Todo Continuation Enforcer
An interesting mechanism: it forces the agent to complete every item on the todo list, preventing the agent from giving up halfway. The project documentation calls this “Sisyphus keeps pushing the boulder” — the name is deliberately chosen from Greek mythology, referencing a character who never stops.
Comment Checker
Automatically detects and prevents agents from leaving excessive comments in code.
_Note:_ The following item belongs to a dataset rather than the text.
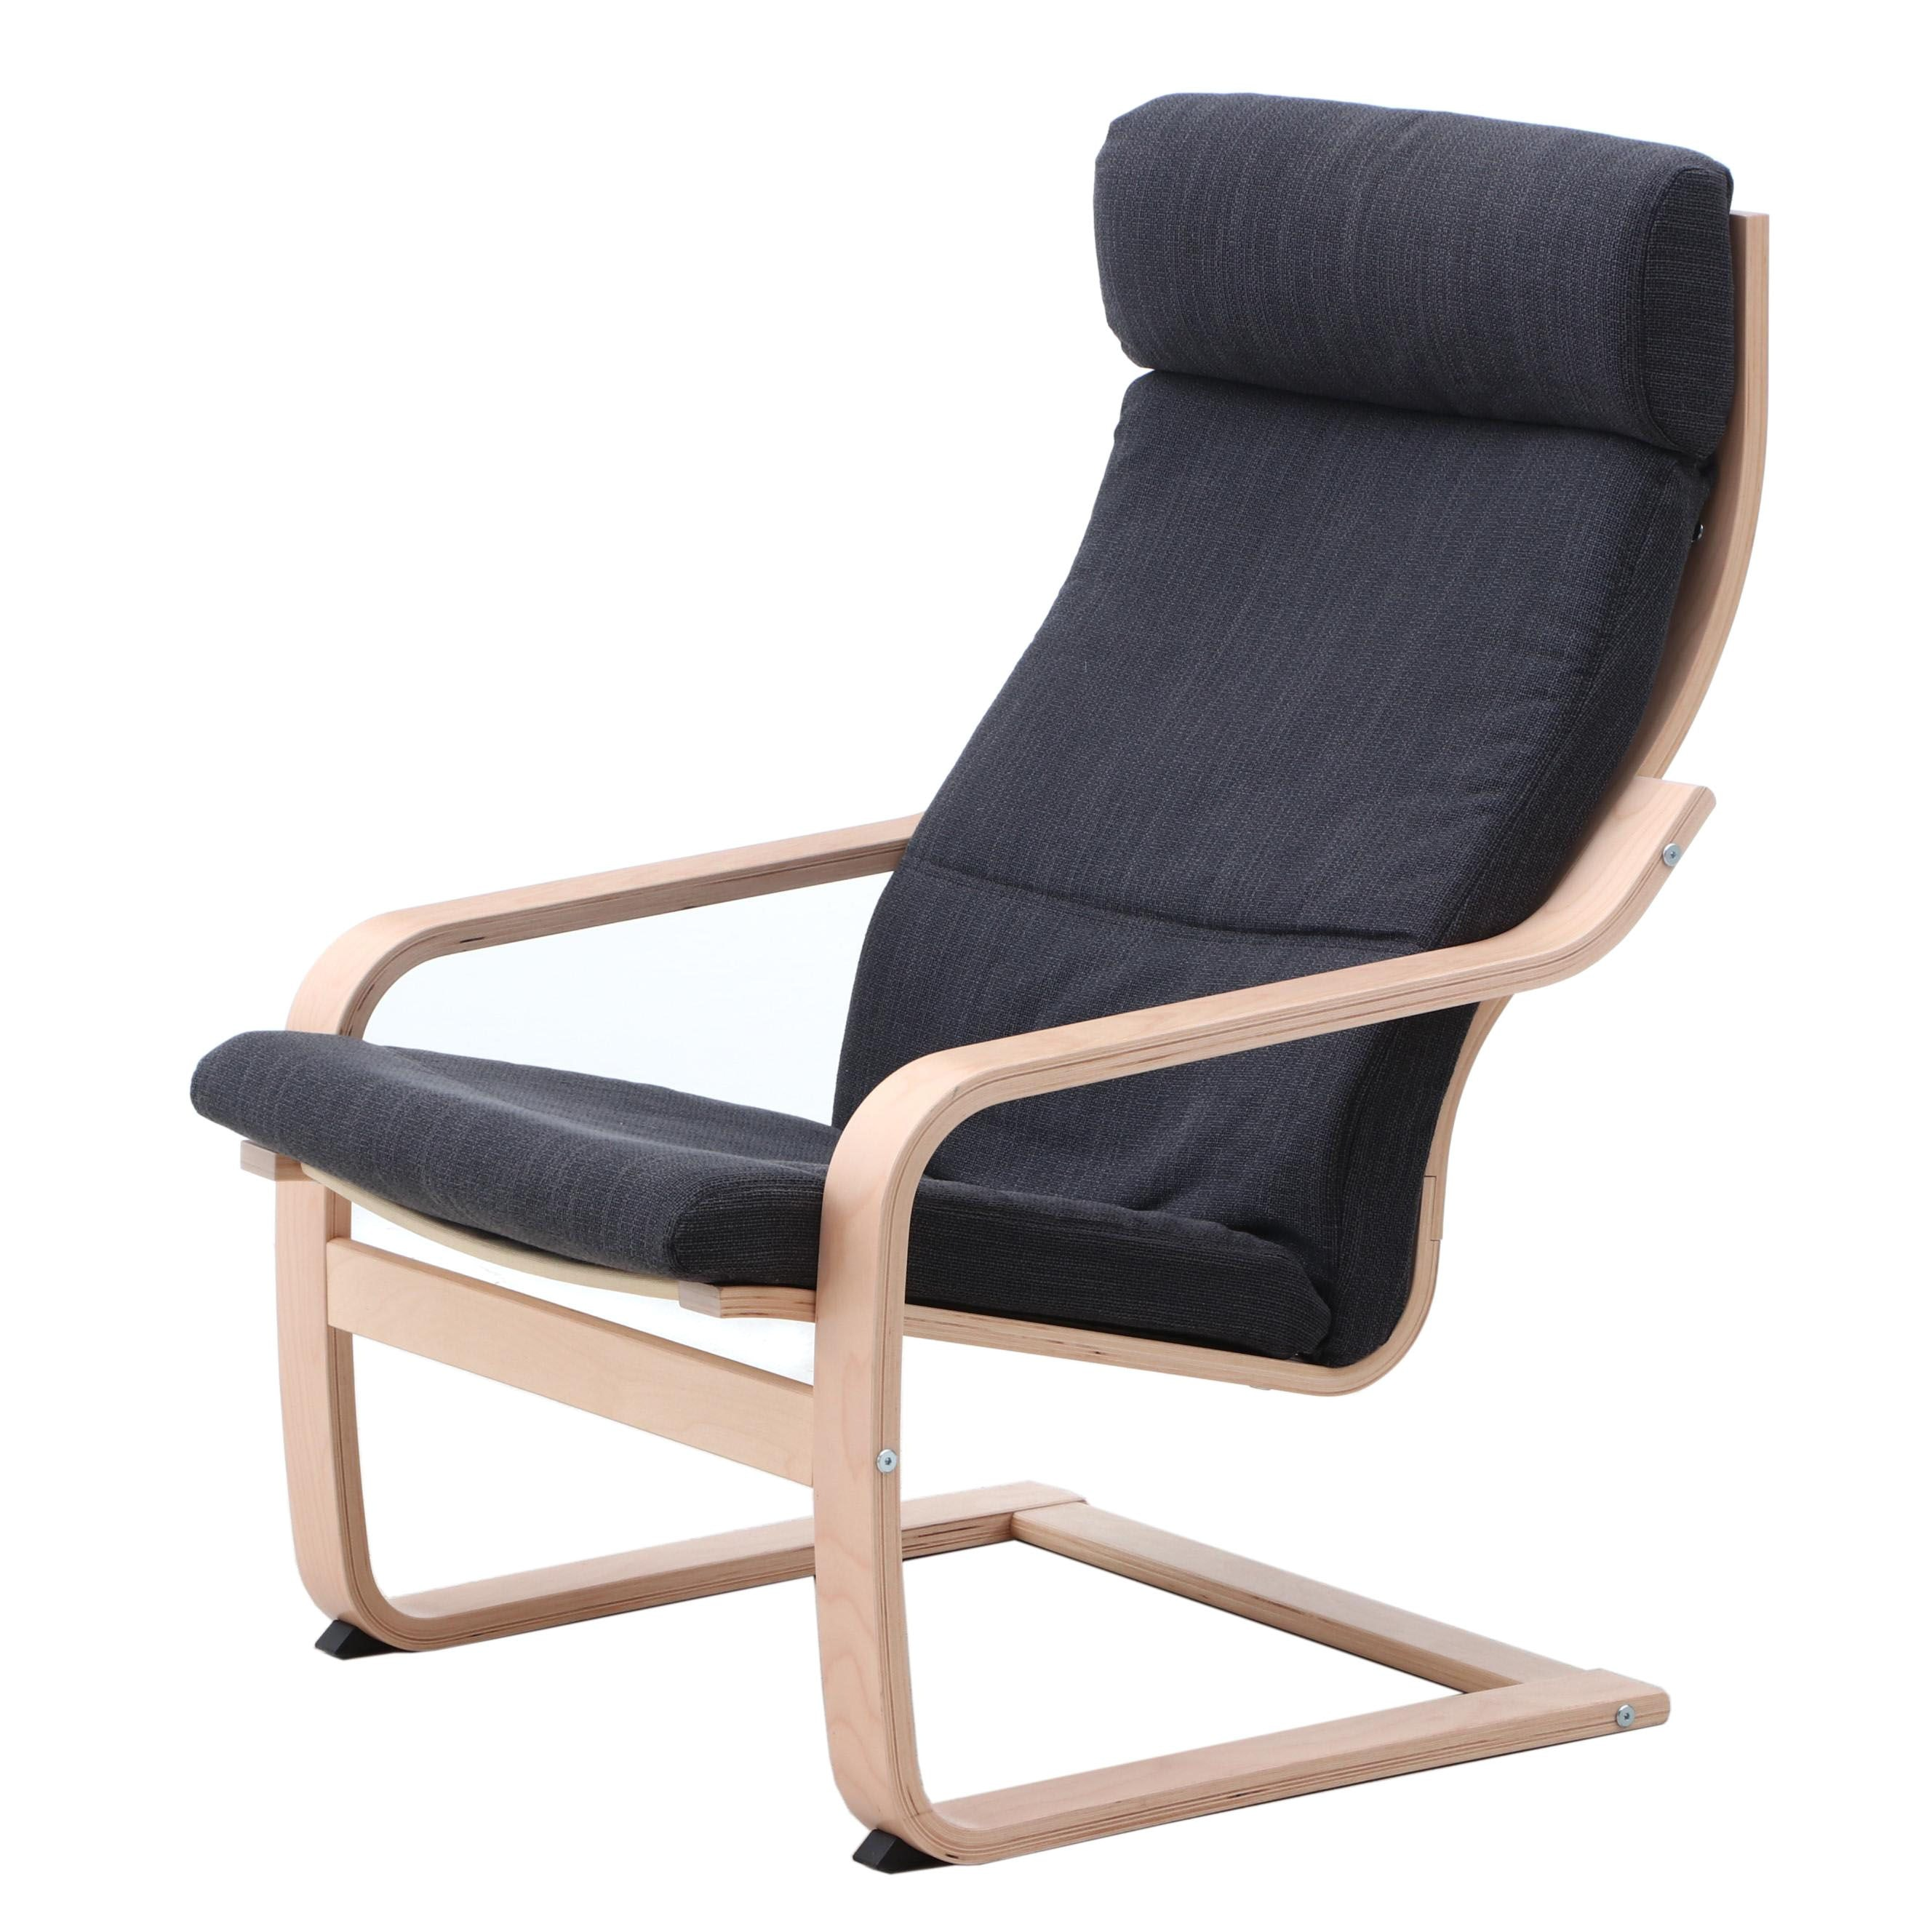 IKEA POÄNG Chair

This is a direct response to a common problem with AI coding tools — models tend to add explanatory comments on every line.
Installation
OmO’s recommended installation method is distinctive — let an AI agent install it for you:
# Paste this into any LLM agent
Install and configure oh-my-opencode by following the instructions here:
https://raw.githubusercontent.com/code-yeongyu/oh-my-opencode/refs/heads/master/docs/guide/installation.md
Or install manually:
# OpenCode must be installed first
npm install -g oh-my-opencode@latest
You will need API keys for each model (Claude, OpenAI, Google, xAI, etc.), configured according to the agents you actually use.
Project Status
| Metric | Value |
|---|---|
| GitHub Stars | ~48.5K |
| Forks | ~3.8K |
| Open Issues | 422 |
| License | SUL-1.0 (Sisyphus Use License) |
| Maintainer | code-yeongyu (Yeongyu Kim) |
| Website | ohmyopenagent.com |
Worth noting is the license: OmO uses a custom SUL-1.0 (Sisyphus Use License), not the common MIT or Apache licenses. It is advisable to review the license terms before use.
Position in the UltraWorkers Ecosystem
OmO is the origin project of the entire UltraWorkers multi-agent coding ecosystem. It was the first to establish the “agent team” architectural pattern — role assignment, model routing, background parallelism, hook system — and subsequent projects like oh-my-codex (OMX) and oh-my-claudecode (OMC) ported this pattern to different agent CLIs.
| Project | Base Platform | Maintainer |
|---|---|---|
| oh-my-openagent | OpenCode | code-yeongyu |
| oh-my-codex | OpenAI Codex CLI | Yeachan Heo |
| oh-my-claudecode | Claude Code | Yeachan Heo |
All three share the same design philosophy but adapt to different CLI ecosystems. If you use OpenCode, choose OmO; if you use Codex CLI, choose OMX; if you use Claude Code, choose OMC.